Une équipe de géoscientifiques de l'Université de Heidelberg et de l'Institut de technologie de Karlsruhe a combiné les données sur les cernes des arbres avec des informations sur les stalagmites pour obtenir une archive unique permettant d'étudier les changements climatiques naturels au fil des siècles. Les chercheurs ont analysé la composition isotopique de l'oxygène dans des stalagmites formées à partir d'eau calcaire dans une grotte du sud de l'Allemagne. En combinant les données obtenues à partir des cernes des arbres, ils ont pu reconstruire les fluctuations climatiques à court terme sur plusieurs siècles et les relier à des événements environnementaux historiques enregistrés.

Formations de gouttelettes actives dans la zone du côté de la Kleine Teufelshöhle". Crédit image : KIT (photographié dans le cadre du projet HEiKA CheckExtrema)

Analyse des cernes d’arbres et du climat à court terme

Le Dr Tobias Kluge, géoscientifique à l'Institut de technologie de Karlsruhe (KIT), explique que jusqu'à présent, les fluctuations climatiques à court terme sur des centaines d'années n'ont pu être analysées qu'à partir des enregistrements des cernes des arbres, combinés à des mesures indépendantes issues de plusieurs études. Les cernes des arbres, dont la taille varie de quelques millimètres, fournissent des informations sur la dynamique des précipitations saisonnières, qui à leur tour indiquent les conditions climatiques au cours de périodes de croissance spécifiques. Selon le Dr Krueger, pendant les années froides, les précipitations estivales peuvent être particulièrement abondantes, tandis que pendant les années chaudes, les hivers peuvent être très humides.

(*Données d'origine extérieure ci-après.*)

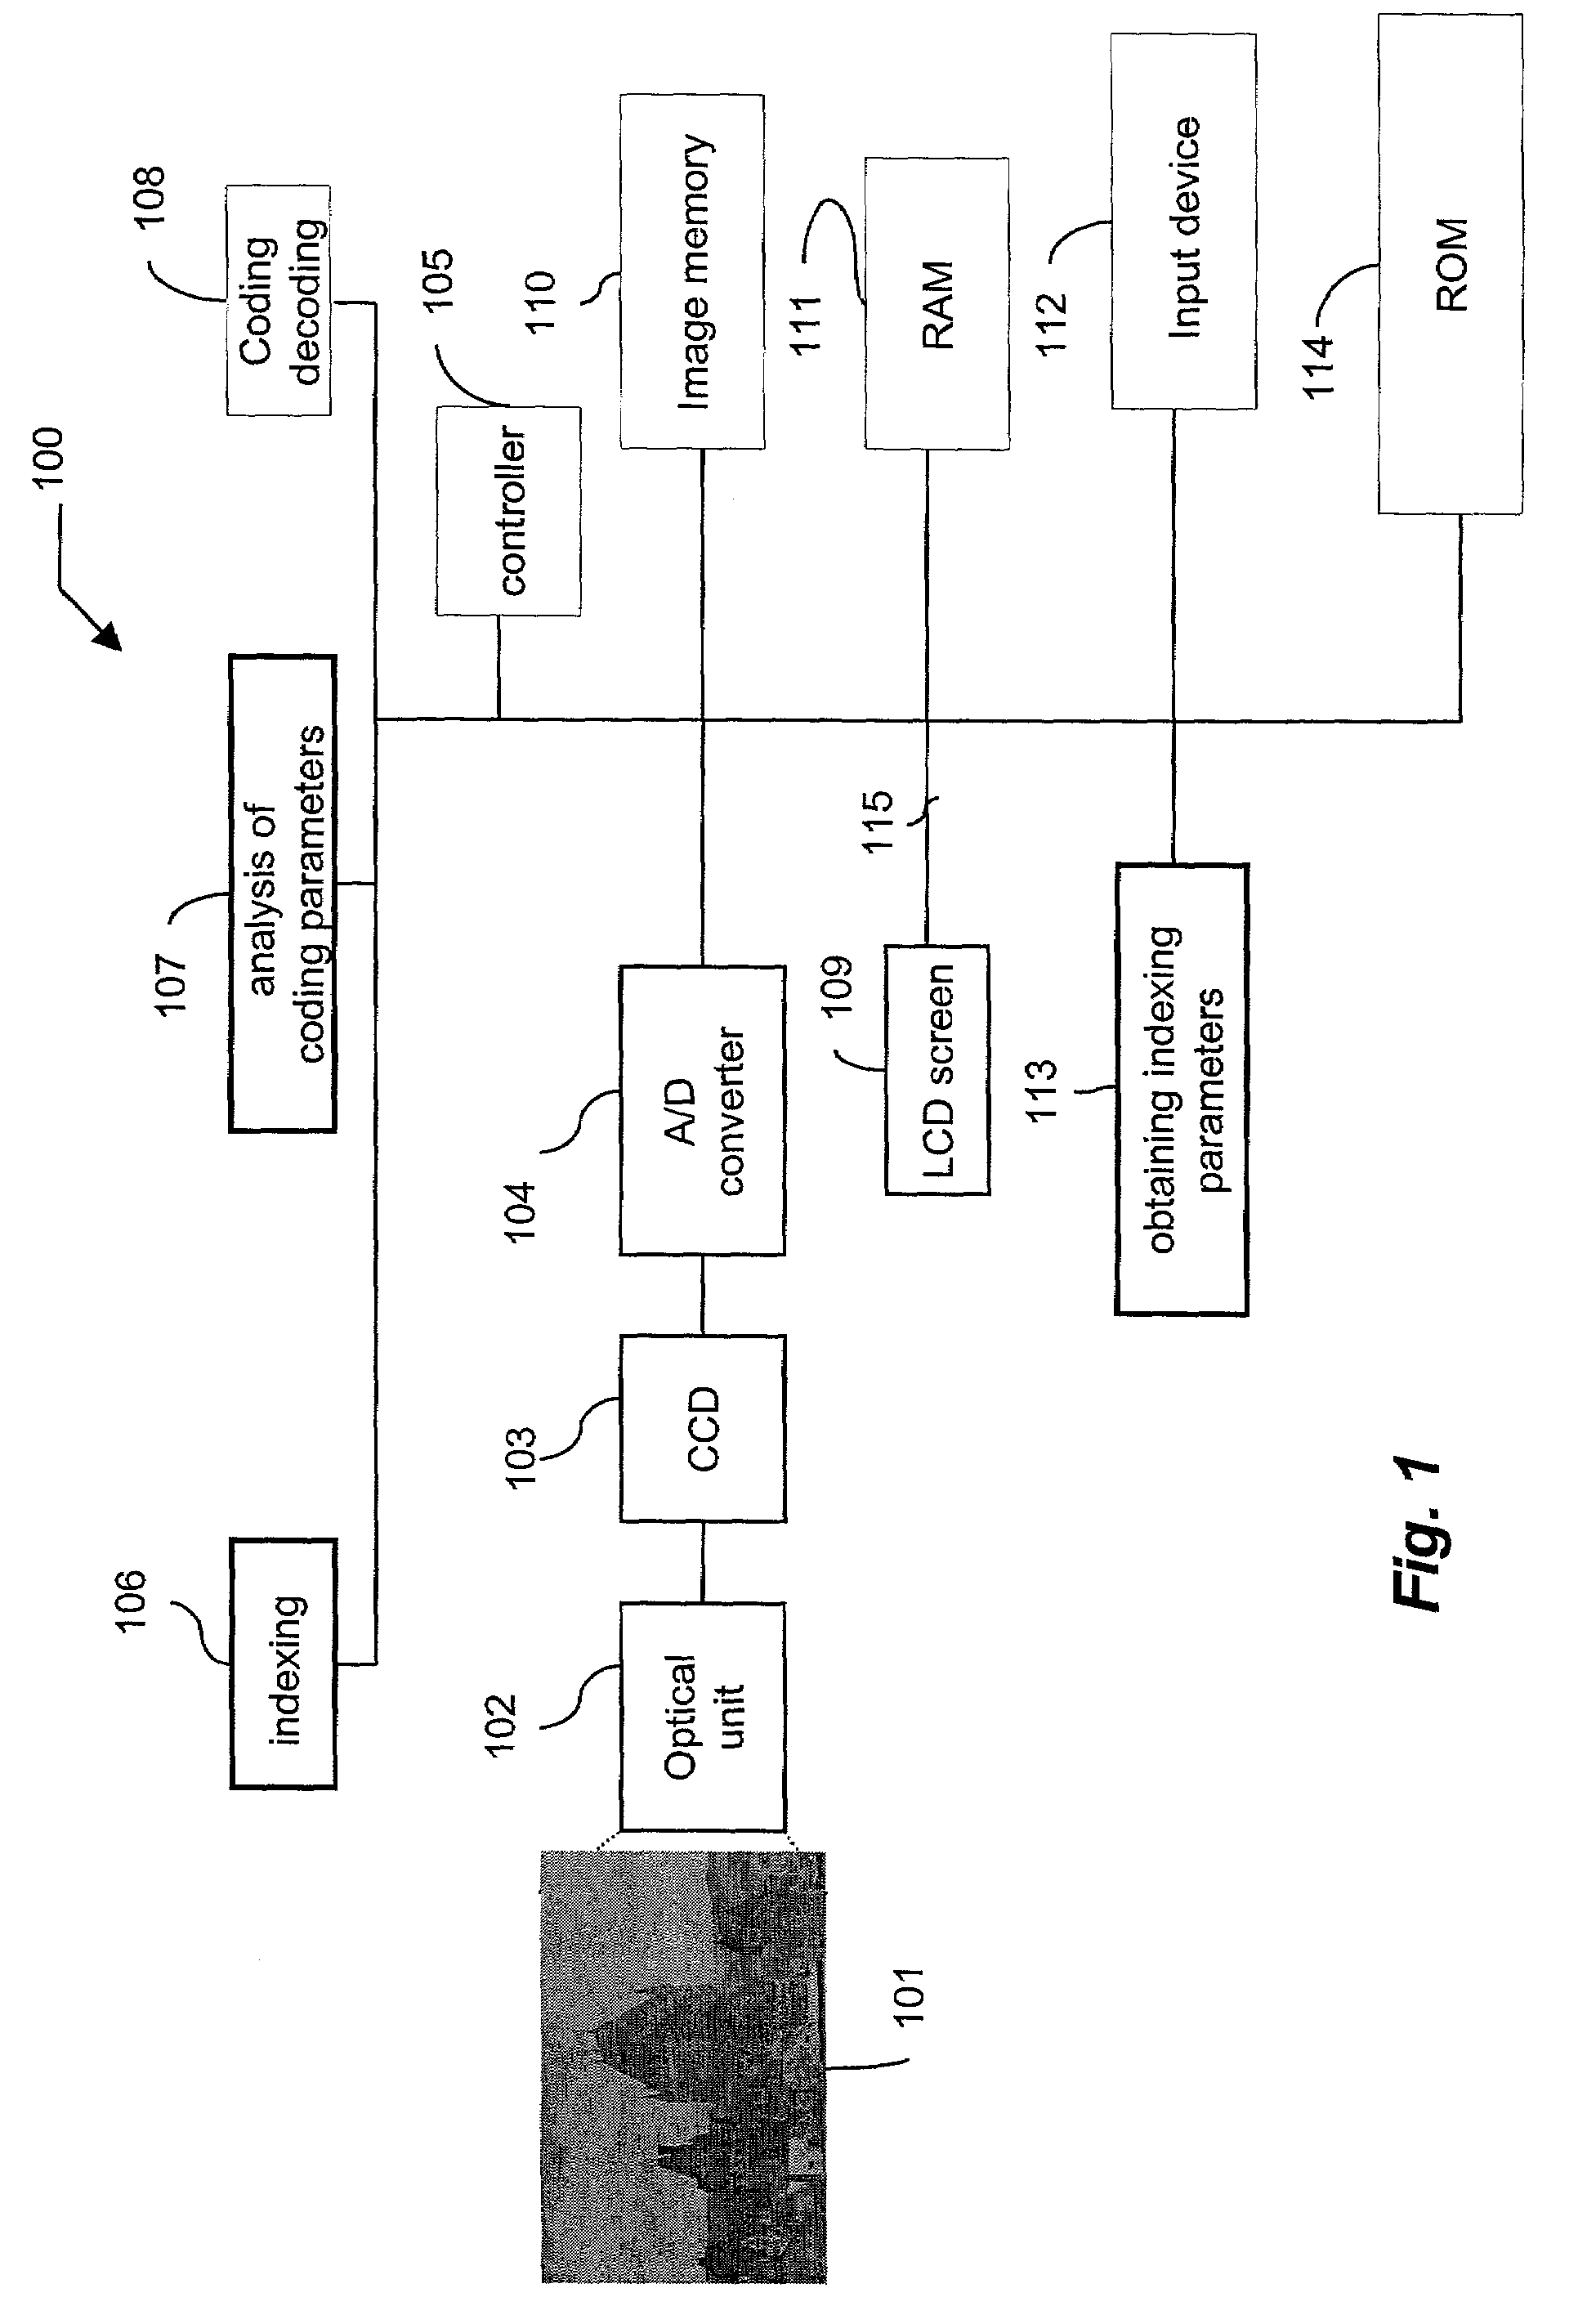 Method and device for compressing and/or indexing digital images

Contrairement aux cernes des arbres, les stalagmites ne sont utilisées que dans des cas particuliers pour mesurer systématiquement les données climatiques et leurs changements annuels. Le facteur décisif a été l'eau de pluie qui s'est infiltrée dans la grotte, sa chaux dissoute formant des stalagmites. Ces eaux de pluie proviennent des précipitations locales des saisons froides et chaudes, chacune ayant une composition isotopique particulière en oxygène. À partir de là, il est possible d’analyser quelles années les précipitations hivernales ou estivales sont dominantes.

Étude de cas : Stalagmite de Kleine Teufelshöhle

Des chercheurs d'Heidelberg et de Karlsruhe ont étudié les stalagmites - des roches ruisselantes qui poussent du fond des grottes - à la "Kleine Teufelshöhle", dans la région de Franconie en Suisse. Le taux de croissance de cette stalagmite est de 1 à 4 centimètres par mille ans, soit environ la largeur d'un cheveu par an. Son taux de croissance est beaucoup plus lent que celui des stalagmites similaires.

Les bandes de croissance des stalagmites sont des centaines de fois plus fines que les anneaux de croissance, de sorte que quelques centimètres seulement de croissance peuvent fournir des données sur les conditions climatiques sur des millénaires. L'Institut des géosciences de l'Université de Heidelberg a mesuré la composition des isotopes de l'oxygène à l'aide d'une sonde ionique. Le professeur Mario Trieloff, directeur du laboratoire de sondes ioniques d'Heidelberg, explique : "L'analyse nécessite des mesures précises dans une zone de croissance de seulement quelques microns par an, ce qui n'est possible qu'avec de grands équipements de recherche de ce type."

Les événements climatiques historiques révélés par les données sur les stalagmites

Les données climatiques obtenues à partir de la stalagmite « Kleine Teufelshöhle » mettent en lumière les événements environnementaux régionaux et mondiaux, rapportent des chercheurs. 1816 fut une année particulièrement froide, connue sous le nom d'« année sans été », en raison de l'éruption du mont Tambora en Indonésie en avril 1815, qui pourrait avoir été exacerbée par une éruption volcanique encore inconnue six ans plus tôt. Les mesures de stalagmites montrent que cette période a été marquée par des étés froids et des hivers humides, qui, combinés à des inondations permanentes, ont conduit à de mauvaises récoltes et à la famine.

Les informations stockées dans les stalagmites fournissent également des preuves de fluctuations climatiques à long terme, telles que le Petit Âge Glaciaire, dont la période centrale a commencé à la fin du XVIe siècle et a duré jusqu'à la fin du XVIIe siècle. Selon les chercheurs, les inondations étaient fréquentes durant cette période, avec des traces historiques dans la ville de Nuremberg, non loin de la « Teufelshöhle ».

Les chercheurs ont vérifié les données climatiques de la grotte en utilisant les archives des cernes des arbres à proximité. Le Dr Kluge de l'Institut des géosciences appliquées du KIT a expliqué que ces données indiquent que les hivers froids et secs ont retardé la fonte annuelle de la neige et de la glace, conduisant à des inondations majeures en peu de temps avec des conséquences catastrophiques.